_DATA EXTRACTS:_
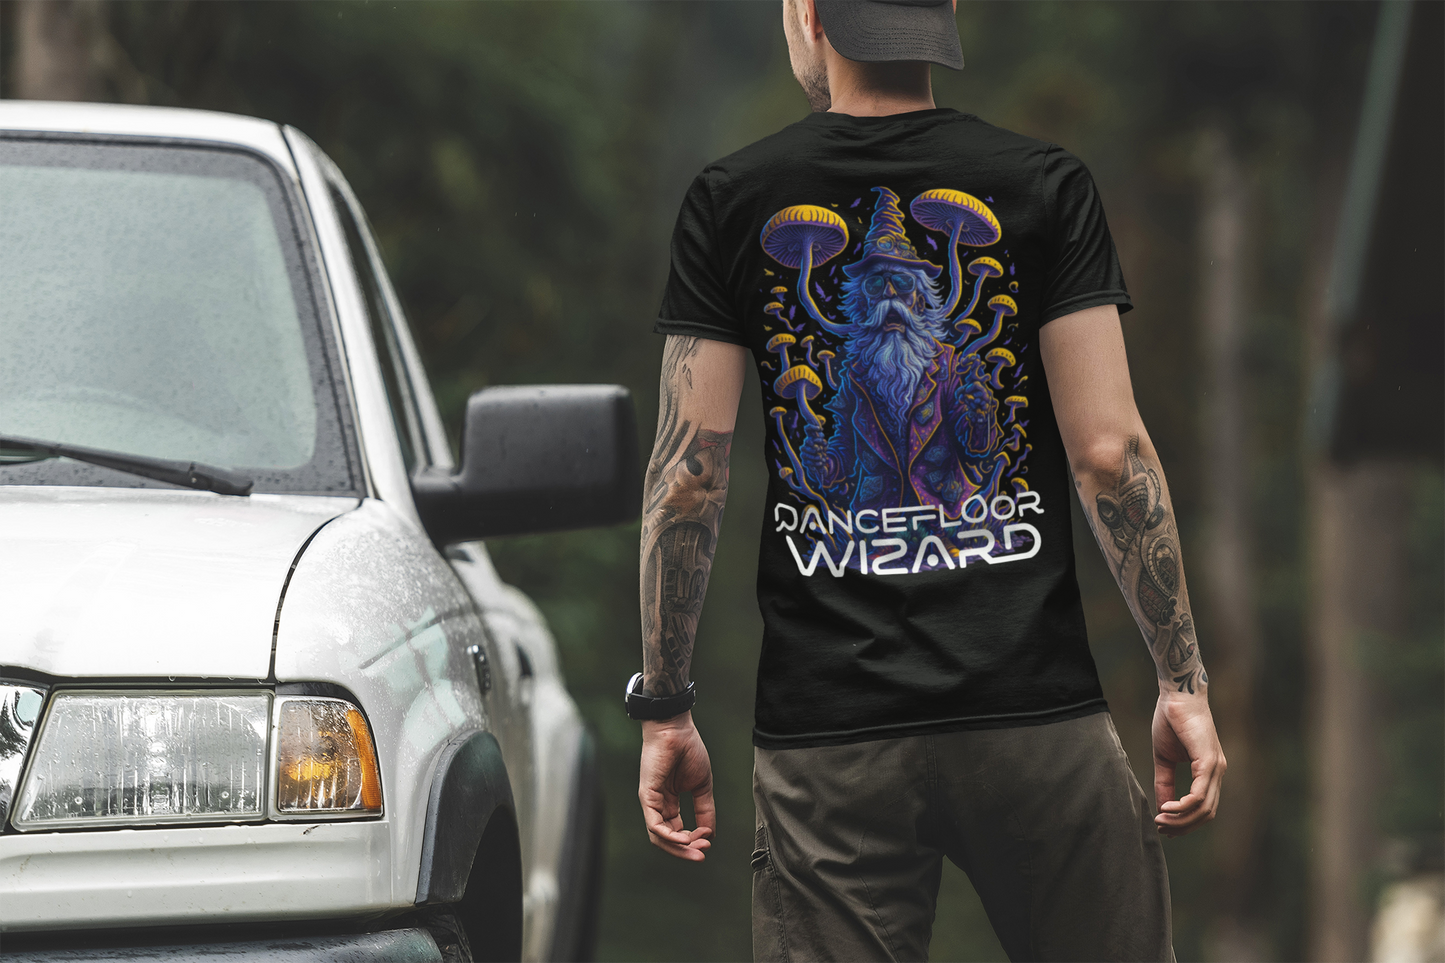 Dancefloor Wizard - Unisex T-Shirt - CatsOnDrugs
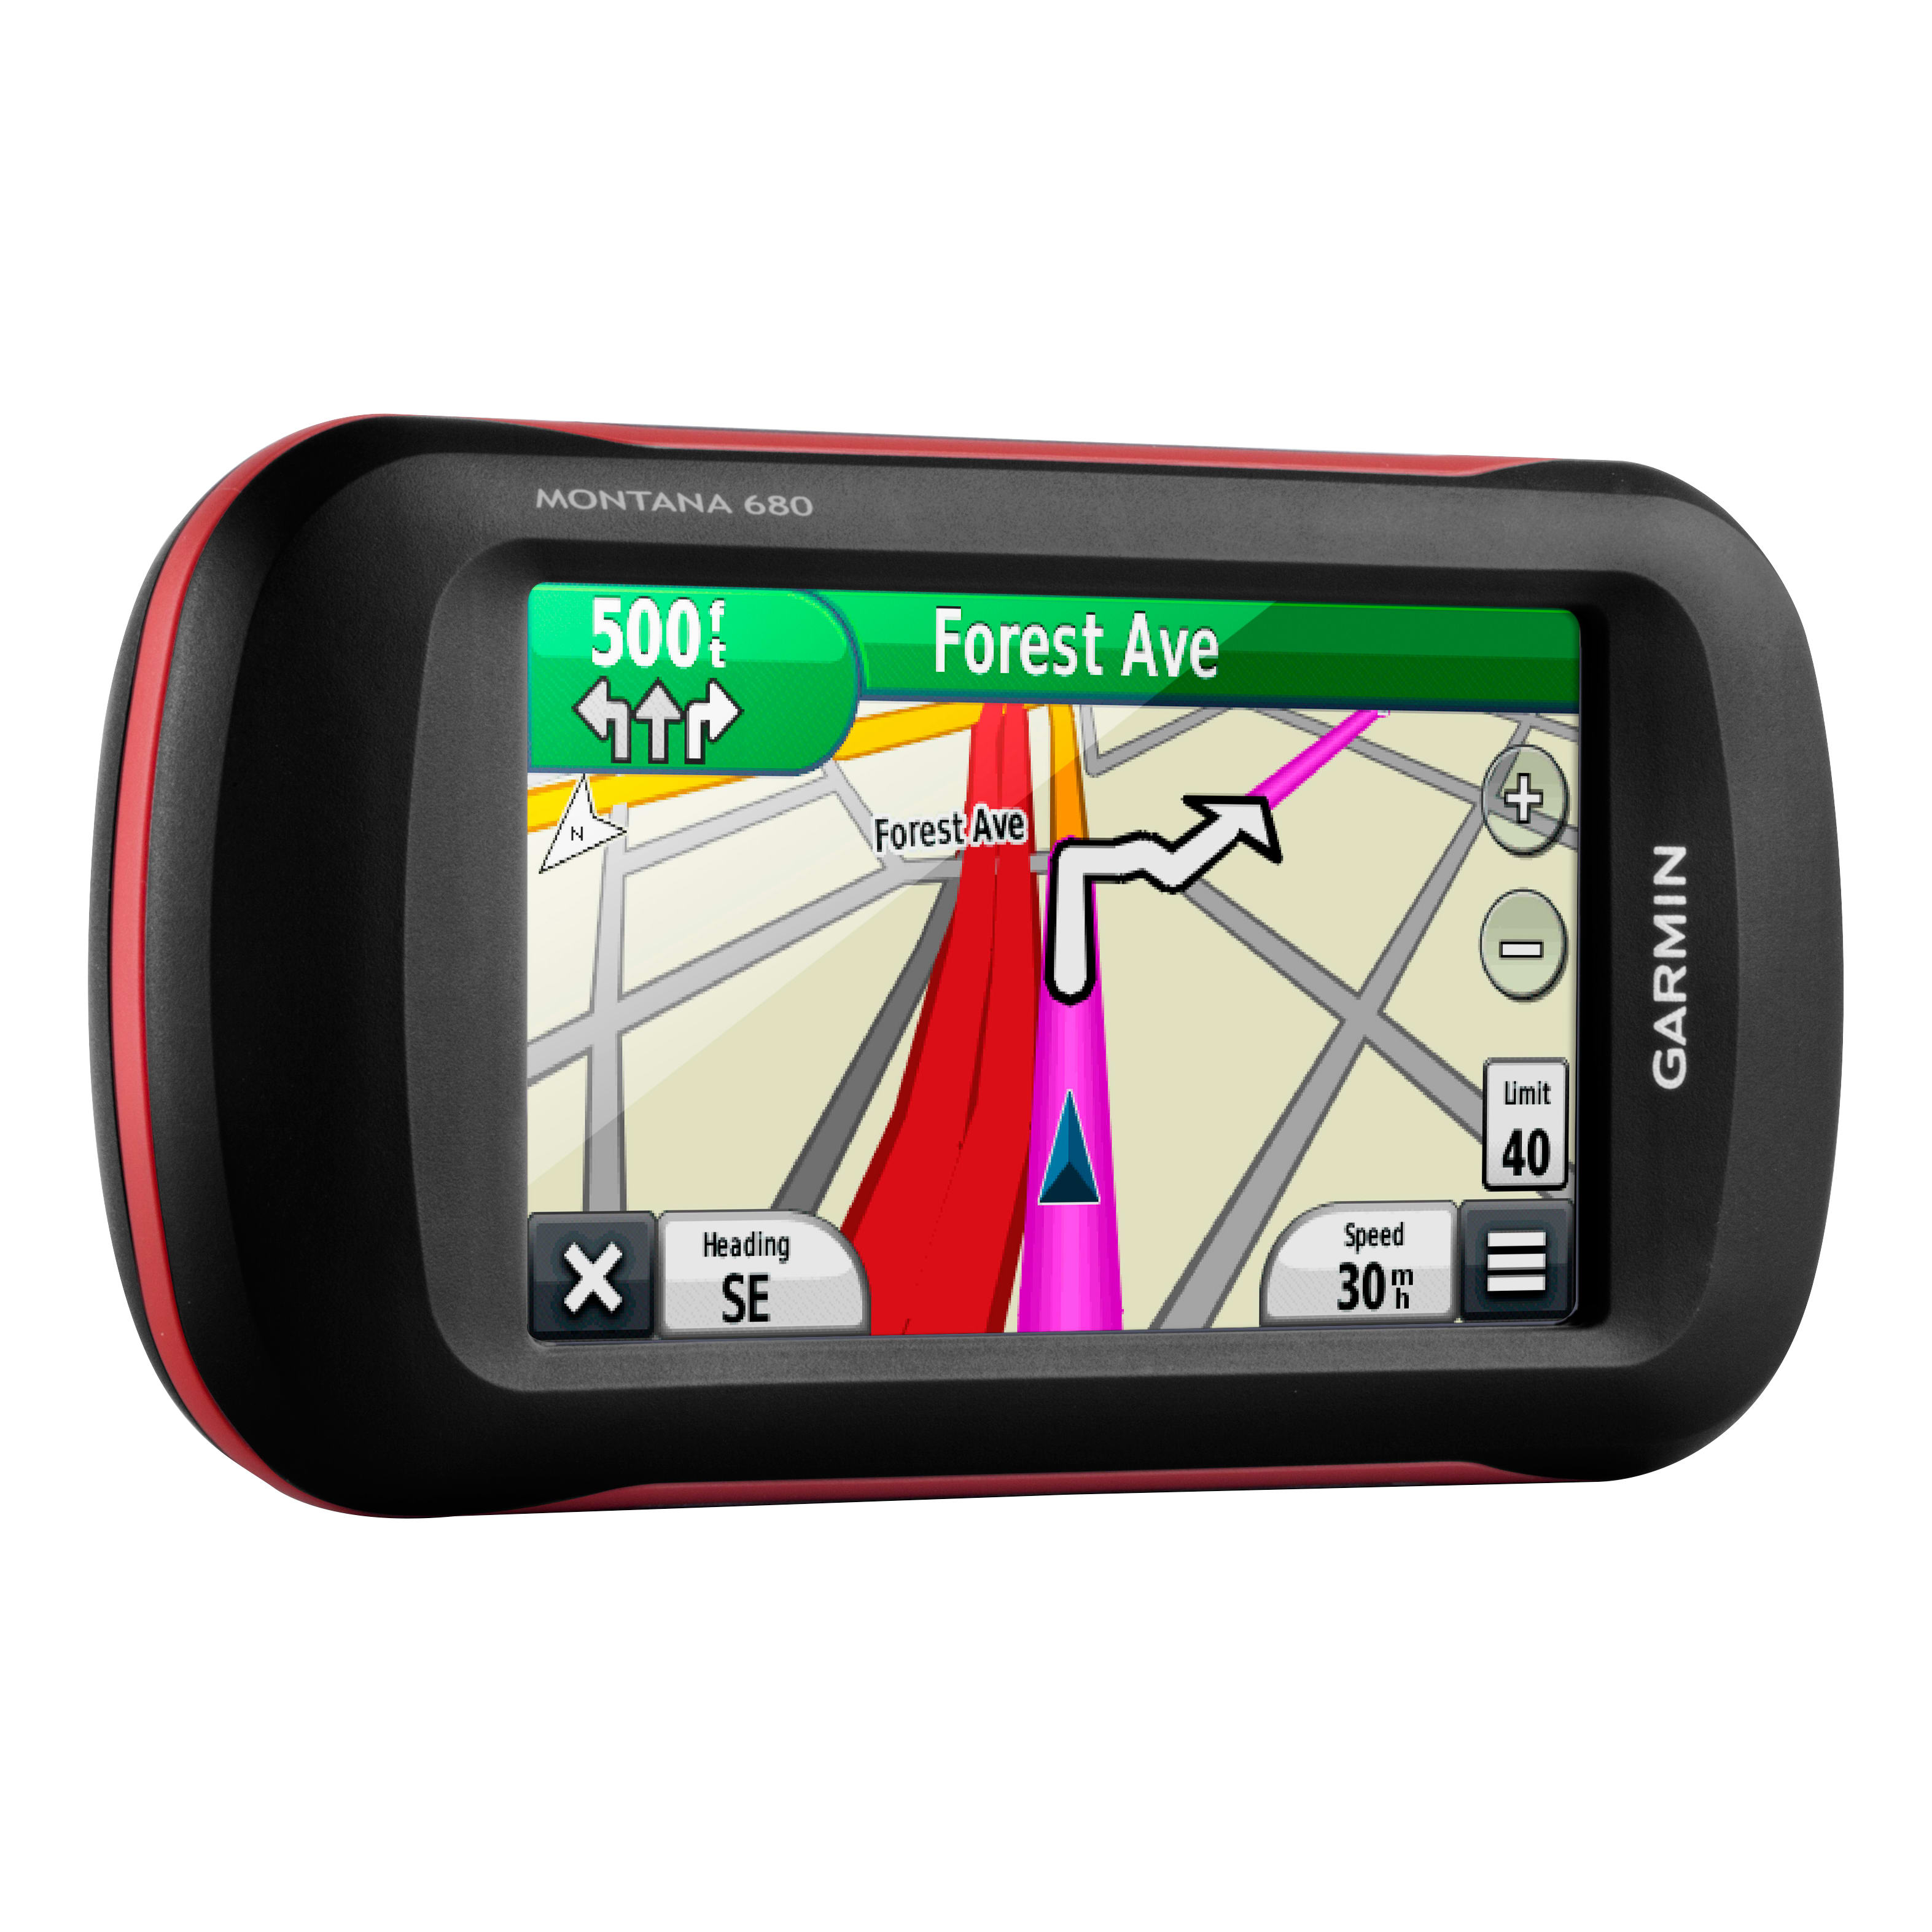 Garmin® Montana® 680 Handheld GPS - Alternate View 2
--
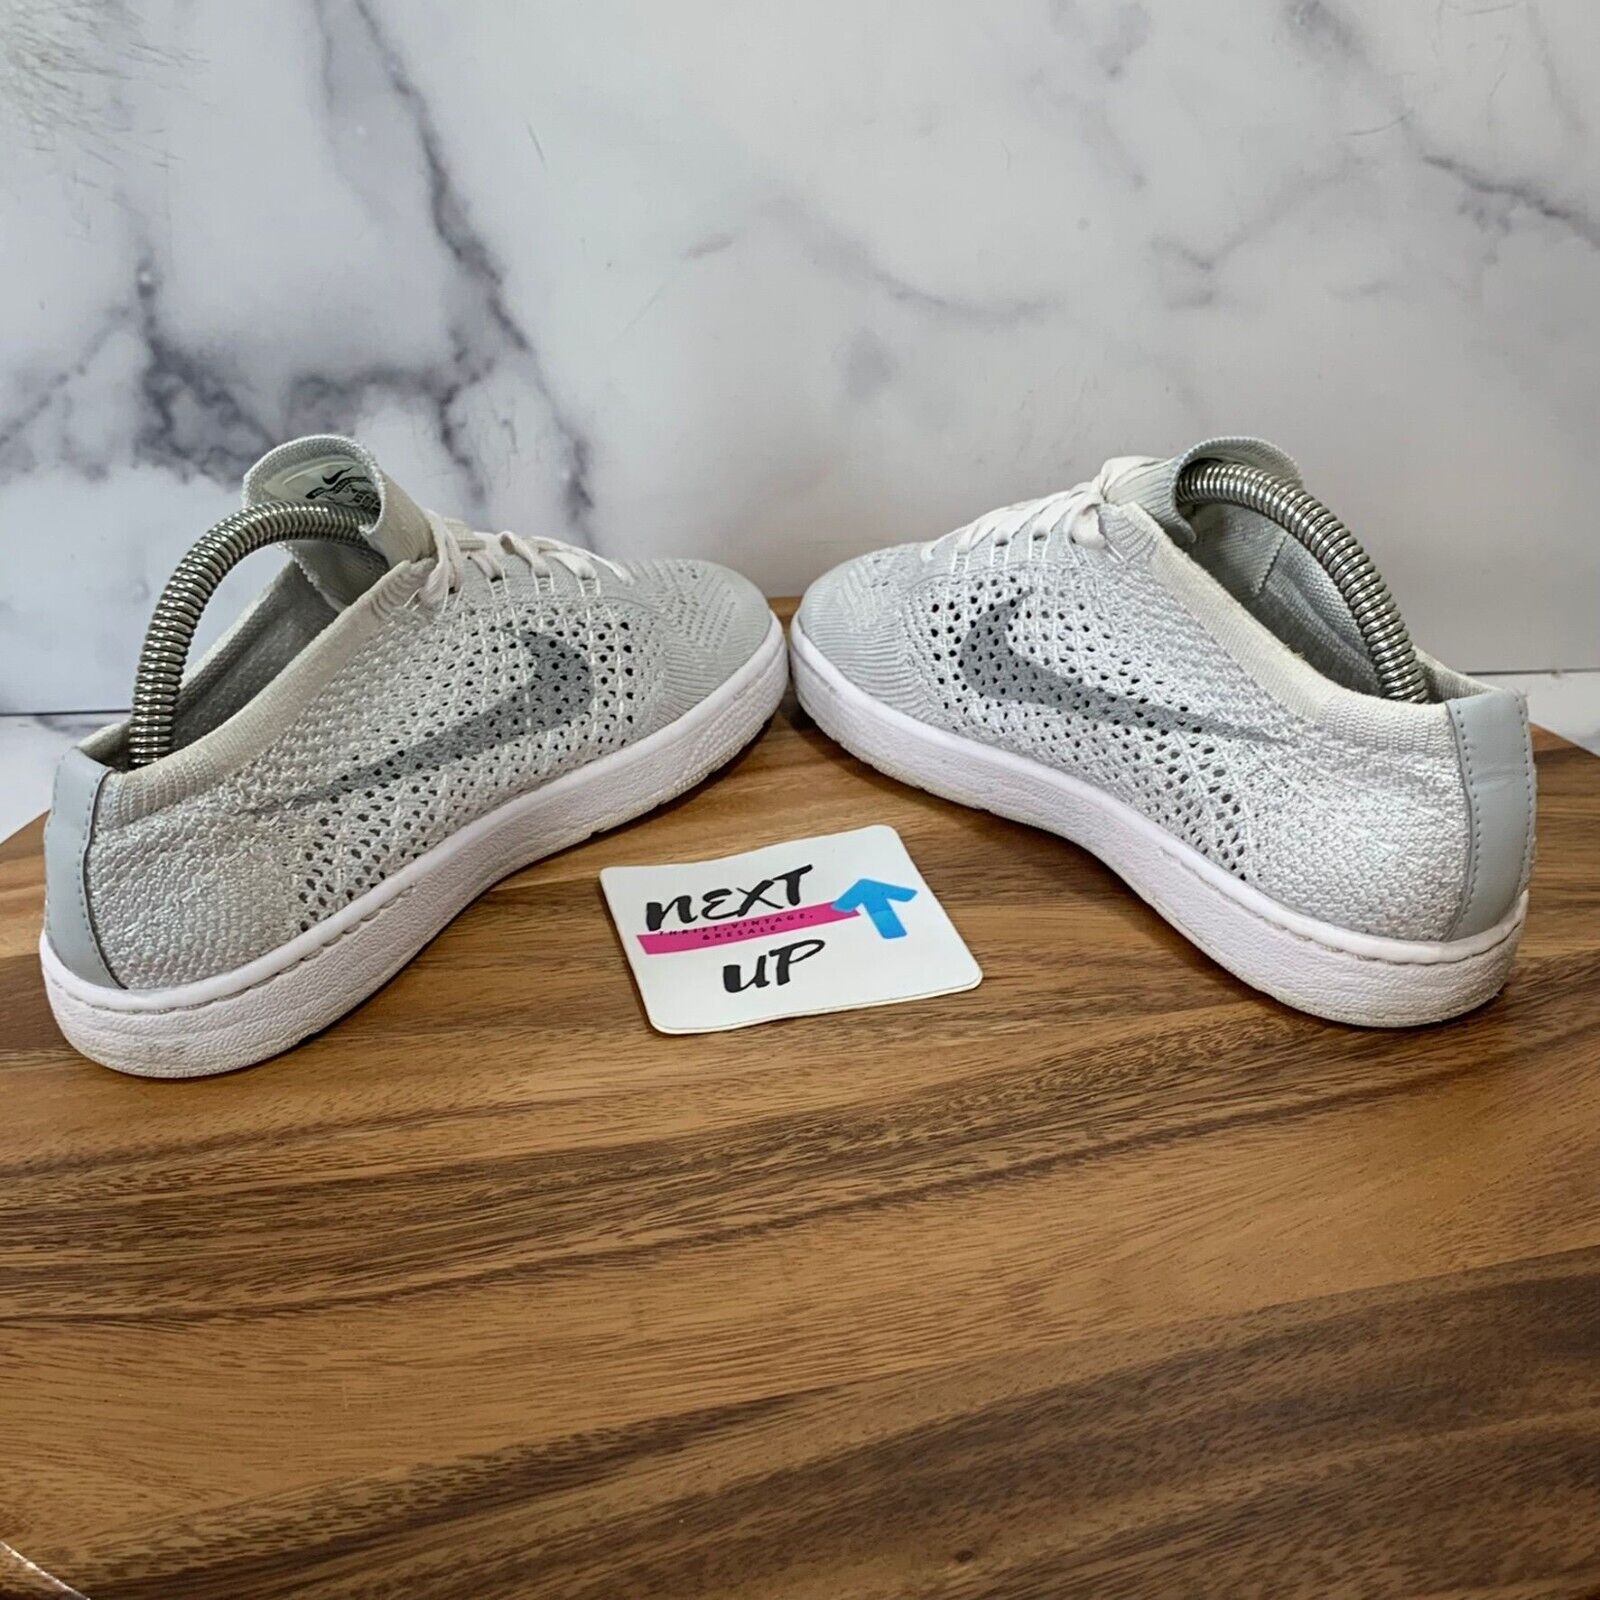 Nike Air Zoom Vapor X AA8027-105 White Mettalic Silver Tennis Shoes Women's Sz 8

_WHAT THE EXERCISE ASKS:_
Between and including the line above that contains "Dancefloor Wizard - Unisex" and the line that contains "Garmin® Montana® 680", restate every line word for word. Pictures stay out.

_RESPONSE TO THIS TASK:_
 Dancefloor Wizard - Unisex T-Shirt - CatsOnDrugs
 Garmin® Montana® 680 Handheld GPS - Alternate View 2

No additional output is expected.